In May 2010, there were 111 PCSOs on the borough’s streets.
As of December 2015, there are 42, a decrease of 62pc.
PCSOs are civilian members of police staff who have different powers to police officers, but are full-time members of staff.
They work on the frontline to tackle anti-social behaviour and quality of life issues, enabling police officers to devote their time to more complicated offences.
In March 2015, more than a third of respondents in Redbridge said they were “worried” or “very worried” about crime in the area in the Met Police Public Attitude survey.
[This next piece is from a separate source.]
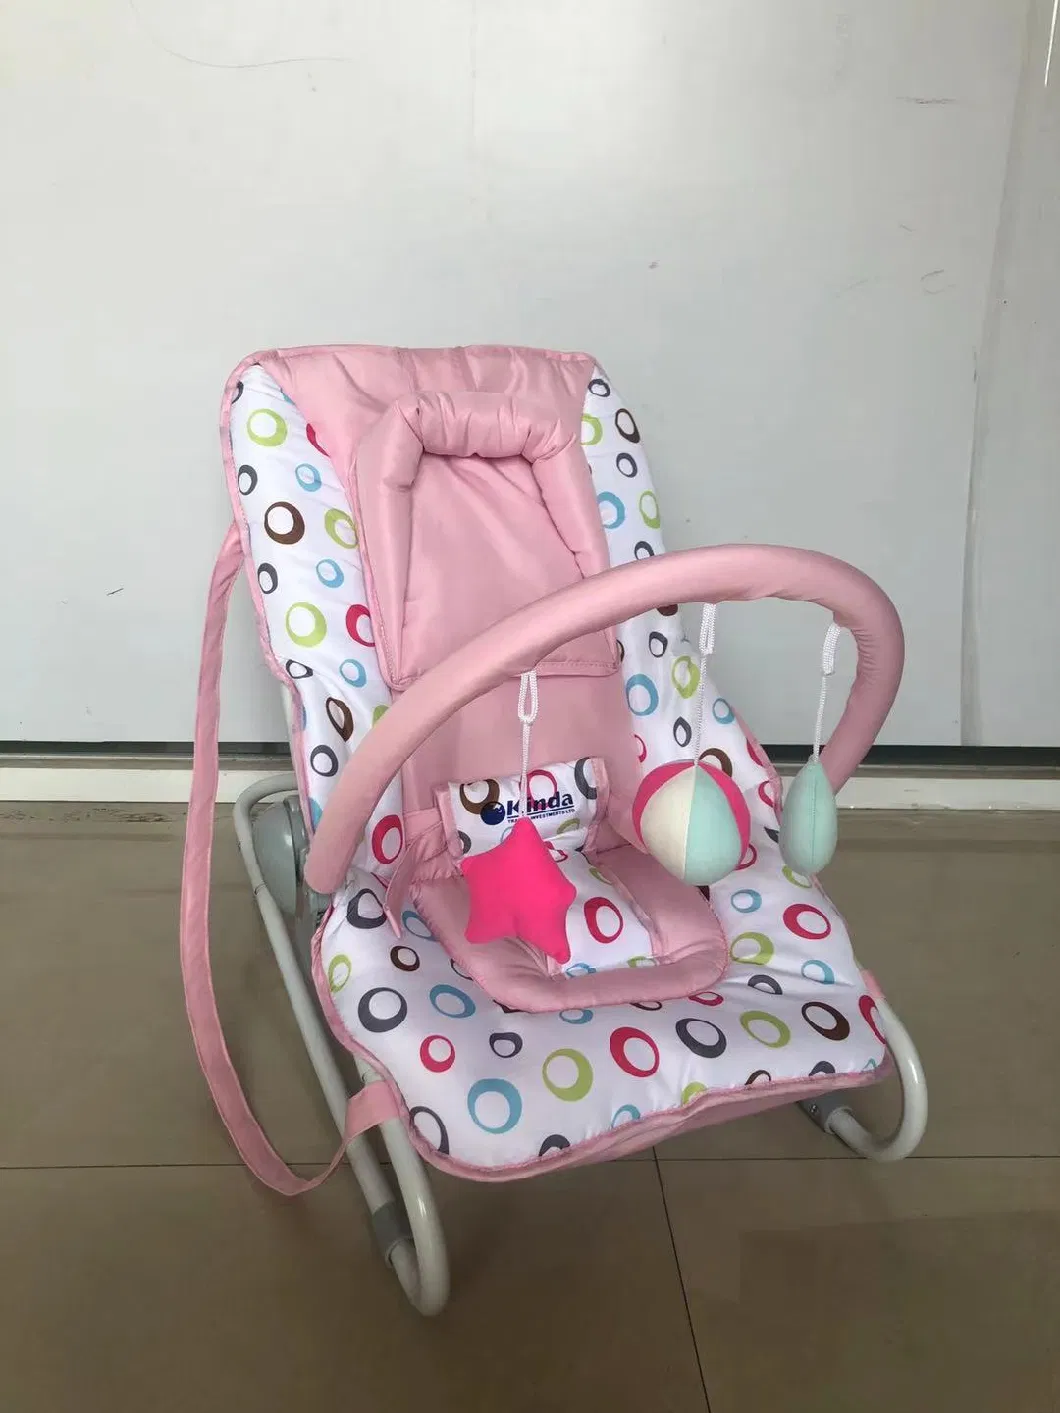 Colorful Cute Electric Vibrating Relaxing Sleeping Infant Baby Rocking Chair Toddler Rocker

The number of people volunteering as special police constables in the borough has also decreased greatly in the last two years.
Special constables are part-time volunteers who work alongside regular police officers and have similar police powers.
New statistics reveal that there were 62 fewer specials patrolling the borough’s streets in December, compared to two years earlier.
The Met said 30pc of constables had left to become full-time police officers but that the force was carrying out a review to understand why the number has fallen so greatly.
Nationally, the number of specials has decreased by 43pc from 5,752 in May 2012 to 3,523 in December 2015.
Cmdr Lucy D’Orsi, from Territorial Policing, MPS, said the volunteering sector is more competitive than it has ever been.
She said: “We are considering how to make the recruitment, training and role of MSC officers more flexible and attractive in order to increase recruitment and retention.
“We have already reduced the recruitment time frame.”